Can we interpret latent reasoning using current mechanistic interpretability tools?

Bart Bussmann; Arthur Conmy; Josh Engels; Neel Nanda; Senthooran Rajamanoharan

Authors: Bartosz Cywinski*, Bart Bussmann*, Arthur Conmy**, Joshua Engels**, Neel Nanda**, Senthooran Rajamanoharan**

* primary contributors
** advice and mentorship

TL;DR

We study a simple latent reasoning LLM on math tasks using standard mechanistic interpretability techniques to see whether the latent reasoning process (i.e., vector-based chain of thought) is interpretable.

Results:

We find that the model solves maths problems requiring three reasoning steps by storing the two intermediate values in specific latent vectors (the third and fifth of six). We established this using standard mechanistic interpretability techniques.
The logit lens shows that intermediate calculations are represented in the residual stream during latent reasoning.
The latent vectors are not perfectly interpretable via the logit lens, but through patching, we demonstrate that they store intermediate calculations.
- Patching has no effect on the model’s accuracy when applied to problems with the same intermediate value, and at the same time changes the answer in the expected way when applied to problems with a different intermediate value.

We believe the CODI latent reasoning model we use is a reasonable object of interpretability study, as it is trained to have a relatively weak natural language prior in its latent vectors.
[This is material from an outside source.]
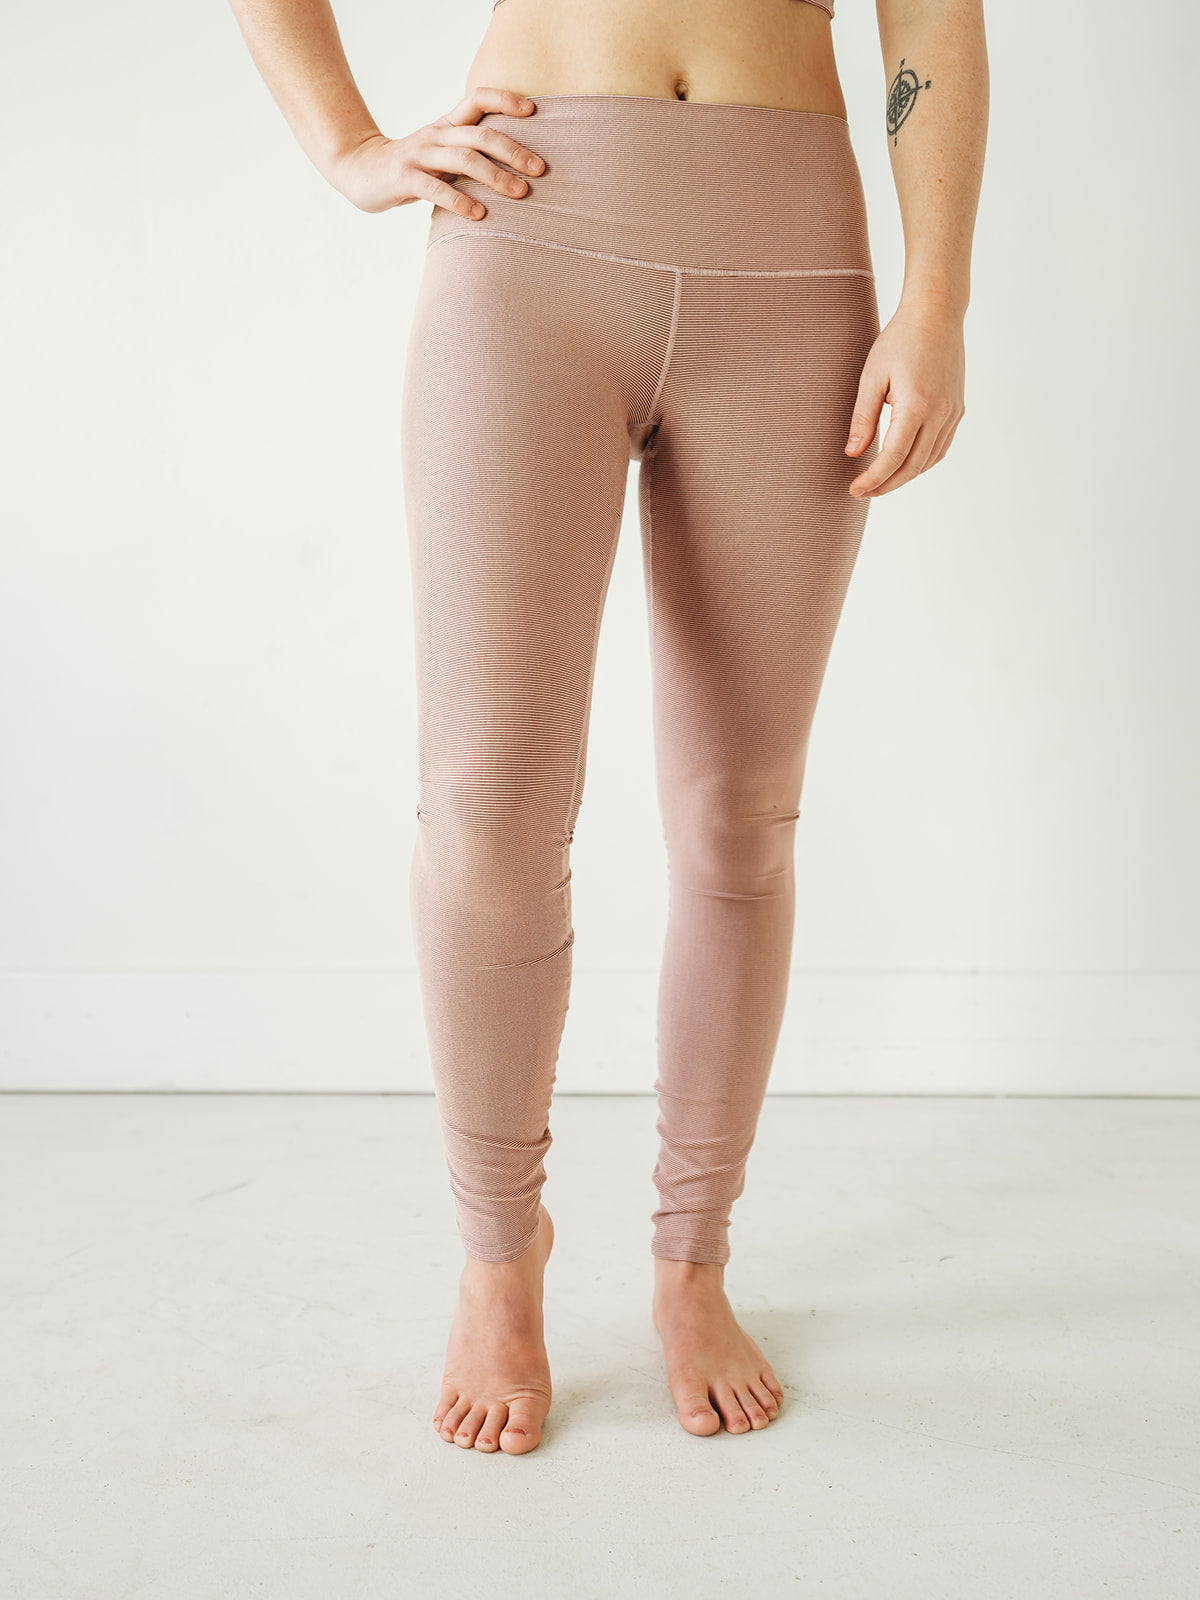 Colorado Threads Women's Blush Microstripe Yoga Pants - Colorado

Our findings suggest that applying LLM interpretability techniques to latent reasoning models is a promising direction. However, this may become harder with more capable models trained on broader tasks.
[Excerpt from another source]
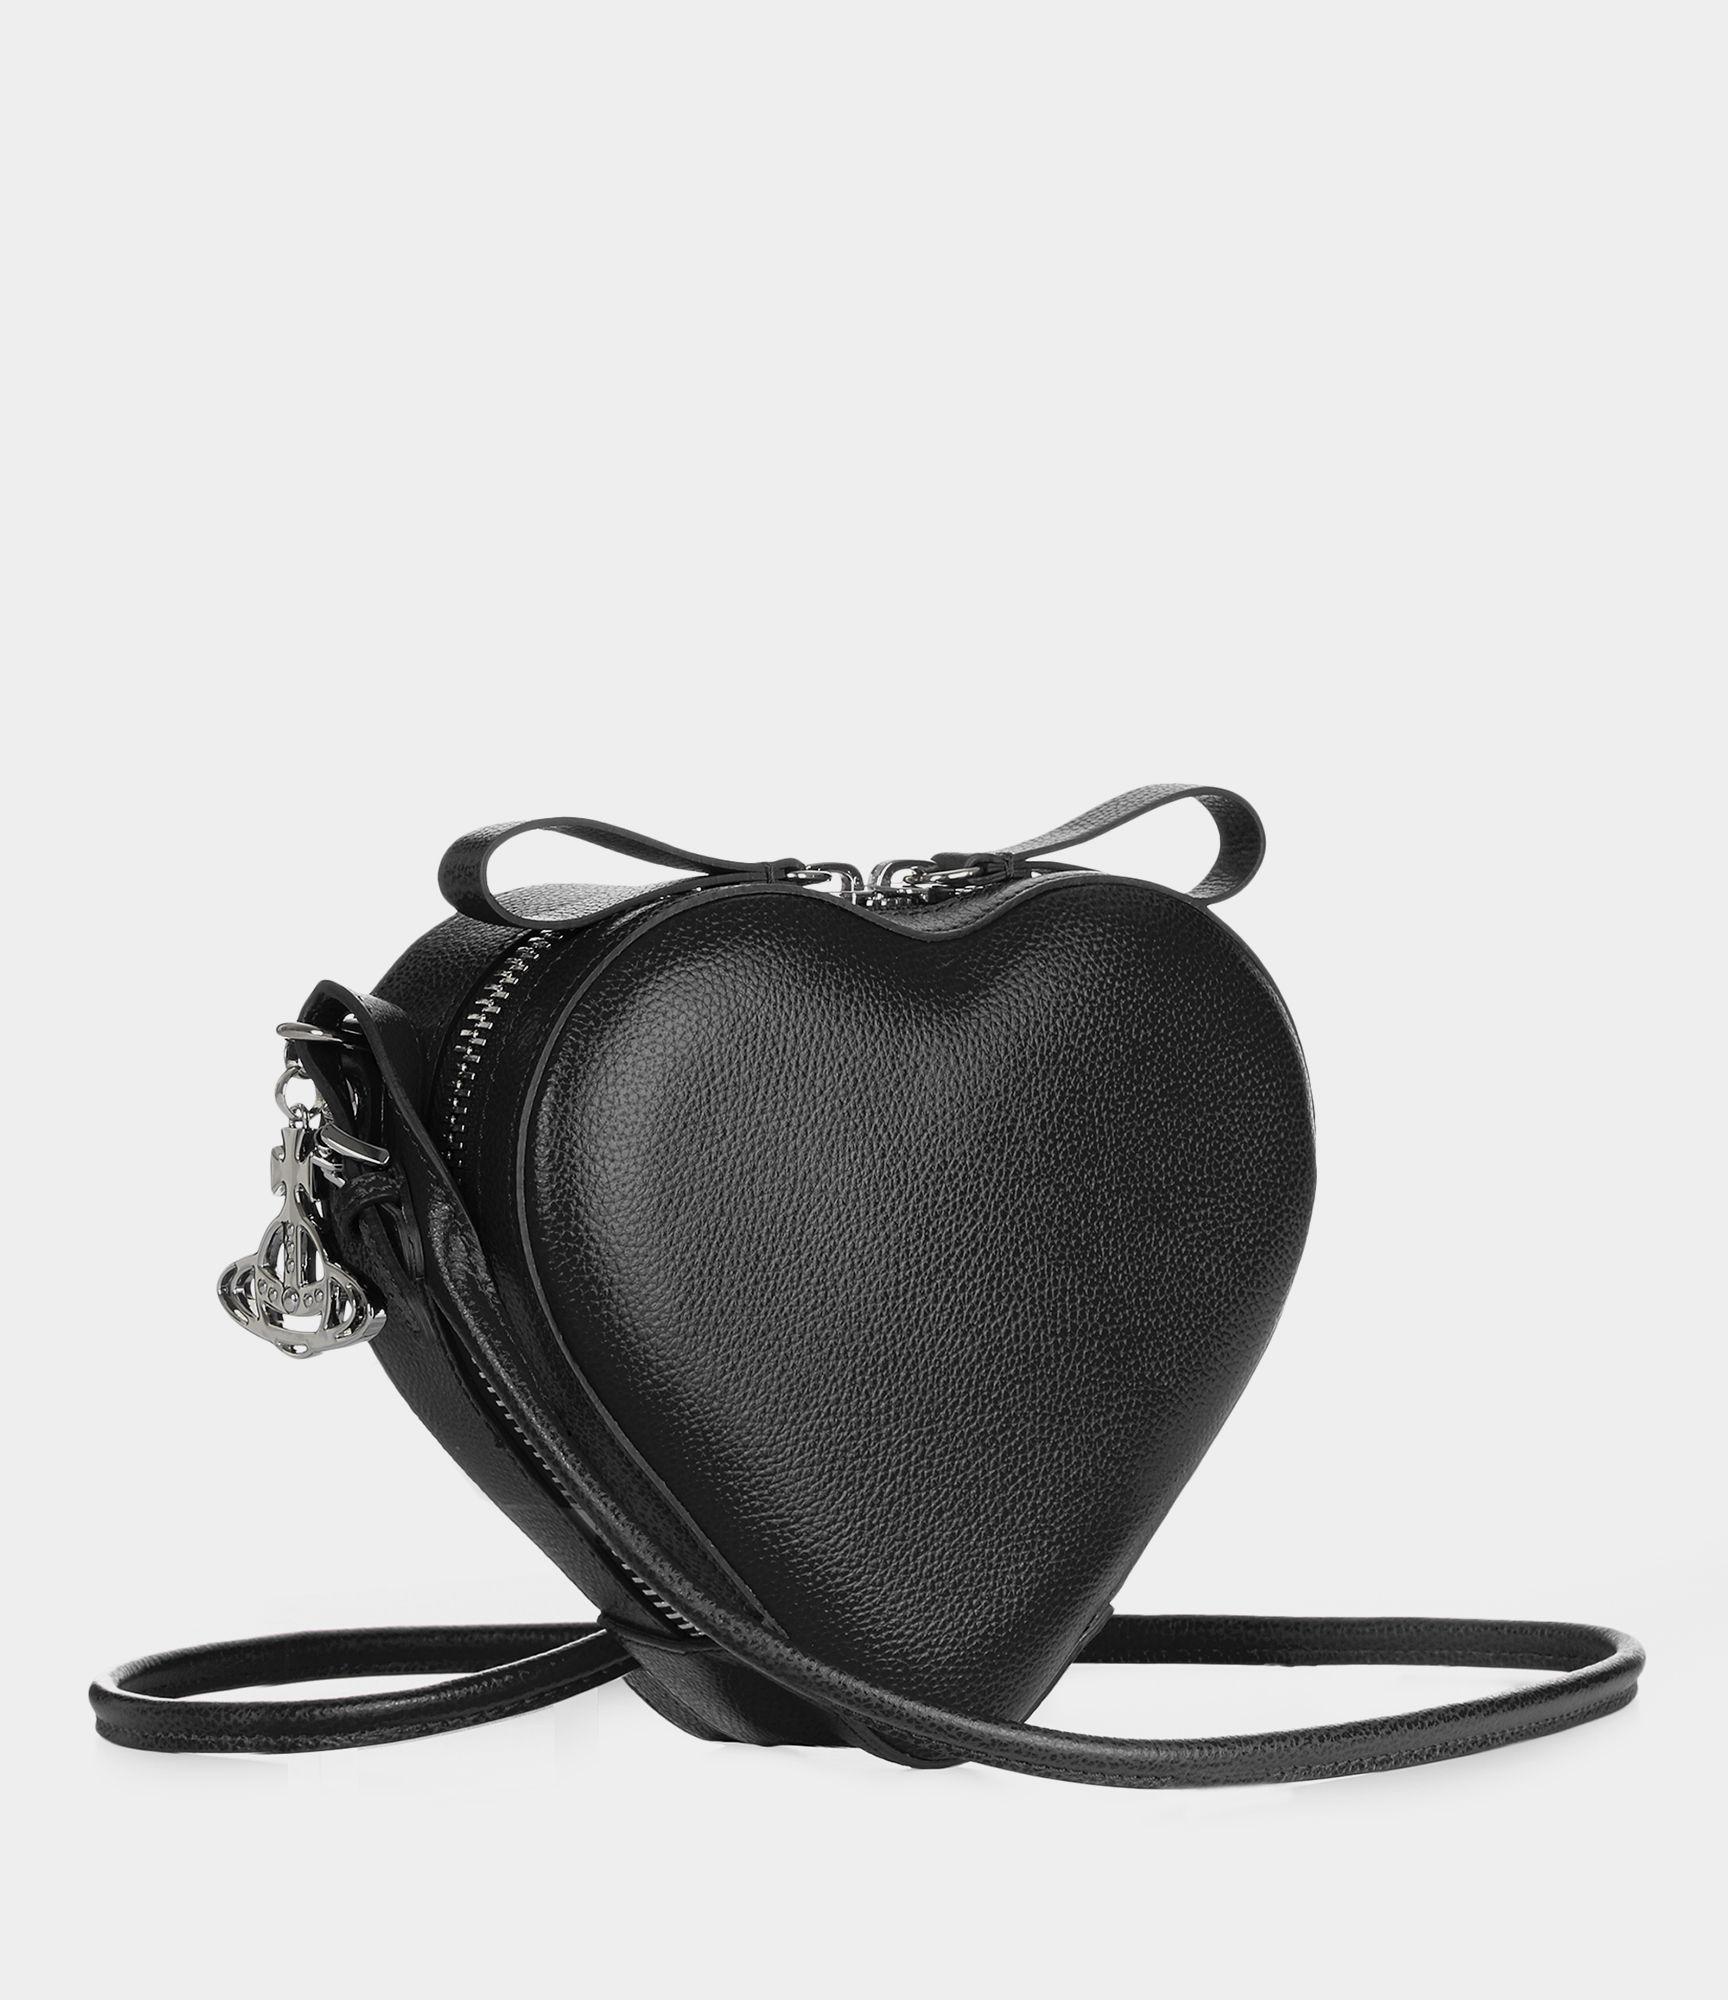 Vivienne Westwood Leather Johanna Heart Crossbody Bag in Black - Lyst

This was a time-boxed research sprint and we decided not to pursue this direction further, but we would be excited to see others explore this area or build on our work, so we're sharing our preliminary results.
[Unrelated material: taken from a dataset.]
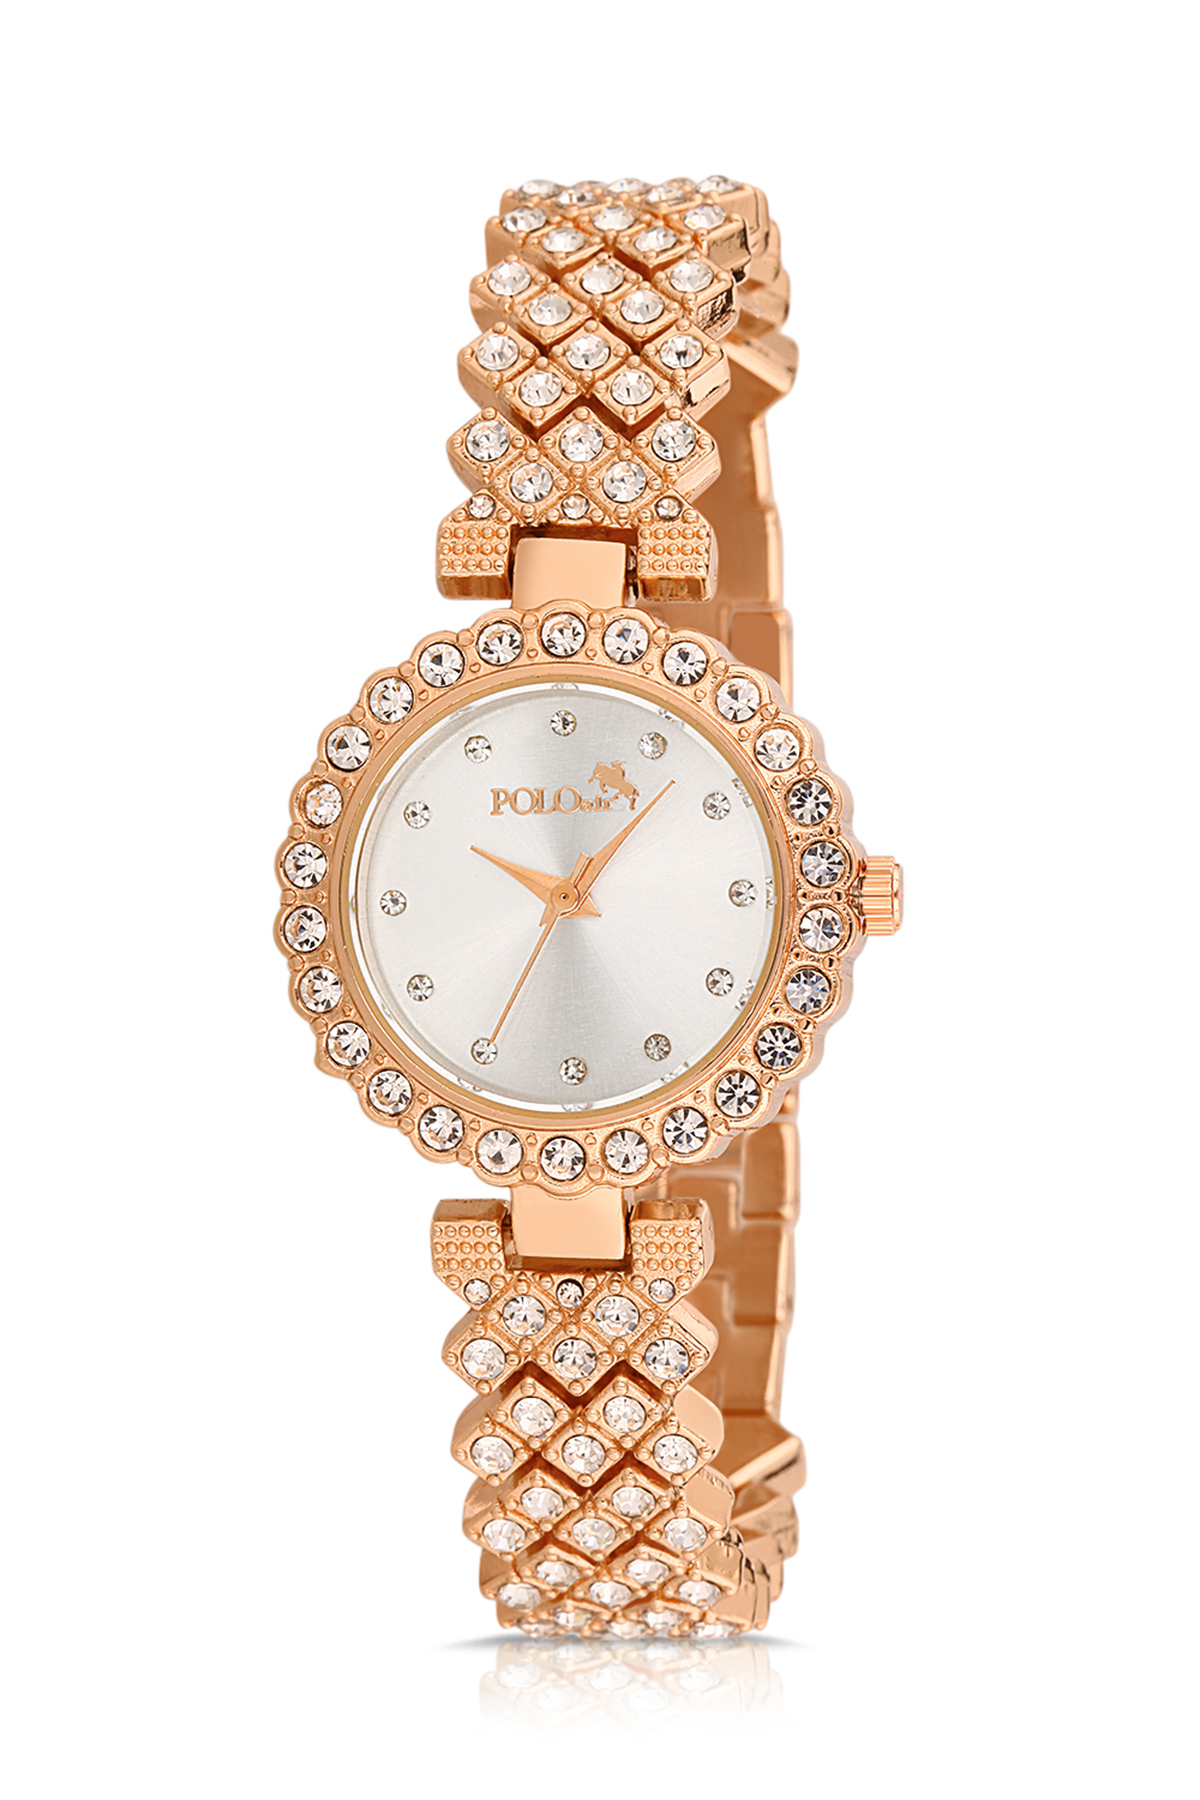 Polo Air Luxury Stone Elegant Women's Wristwatch Copper Color

The CODI model used in this study on HuggingFace
GitHub repository

Introduction

Today's best-performing LLMs are reasoning models, which generate a thinking process—known as chain-of-thought (CoT)—before producing a final output. So far, CoT has consisted of tokens in natural language. However, latent reasoning is gaining increasing attention: in these approaches, the reasoning process is generated internally using the model's latent space rather than natural language tokens.

Despite being harder to monitor and interpret, latent reasoning seems likely to have significant performance benefits, as vectors can store so much more information than text, making its adoption in future LLMs concerningly plausible. Chain of thought monitoring is one of our best current safety techniques, so it is important to see if we can fill that gap.

We investigate whether existing LLM interpretability techniques can uncover the computations performed during the latent thinking process. We show that simple techniques such as the logit lens, activation patching, and linear probing can reveal how the reasoning process is performed. However, our study is performed on a small model trained only to solve math tasks. We find it plausible that future, more advanced latent reasoning LLMs may be substantially harder to interpret using current techniques.

Experimental setup

CoDI model

In this study, we use a CODI model that is based on Llama 3.2 1B Instruct. CODI is a latent reasoning framework, which is designed to compress natural language reasoning into continuous “neuralese” vectors. It works via a self-distillation mechanism where a single model is jointly trained on three tasks:

Teacher Task (natural language CoT): The model learns to generate a natural language CoT followed by the answer, using standard cross-entropy loss on reasoning traces generated by a smarter model such as GPT-4o.
Student Task (latent CoT): Rather than using discrete tokens, the model is trained to provide the correct answer after reasoning in a sequence of six continuous latent vectors.
Self-distillation: To bridge the gap between natural language CoT and latent CoT, CODI is trained to align the final hidden states when reasoning in these two modalities. By minimizing the L1-distance between the representations at the answer generation step, the student learns to distill the natural language reasoning patterns within the latent space.

We train the CODI model to have six latent CoT iterations, so the model has seven latent vectors (The first latent vector is created at the beginning of the thinking token). We follow all the most important hyperparameters of the original CODI paper.

Training dataset: GSM8k and CommonsenseQA.

Does the latent reasoning provide actual performance uplift?

To determine whether the latent vectors provide an advantage over no reasoning at all, the original CODI paper compares the method against a No-CoT-SFT baseline where they fine-tune a separate model solely on direct answers. However, we argue this comparison is confounded by the training data. Because the CODI “latent CoT mode” shares the weights with the “verbalized CoT mode”, it implicitly benefits from exposure to the reasoning traces during training. This is an advantage that the standard No-CoT baseline lacks. Therefore, any performance uplift could stem from this co-training rather than the actual use of the latent vectors.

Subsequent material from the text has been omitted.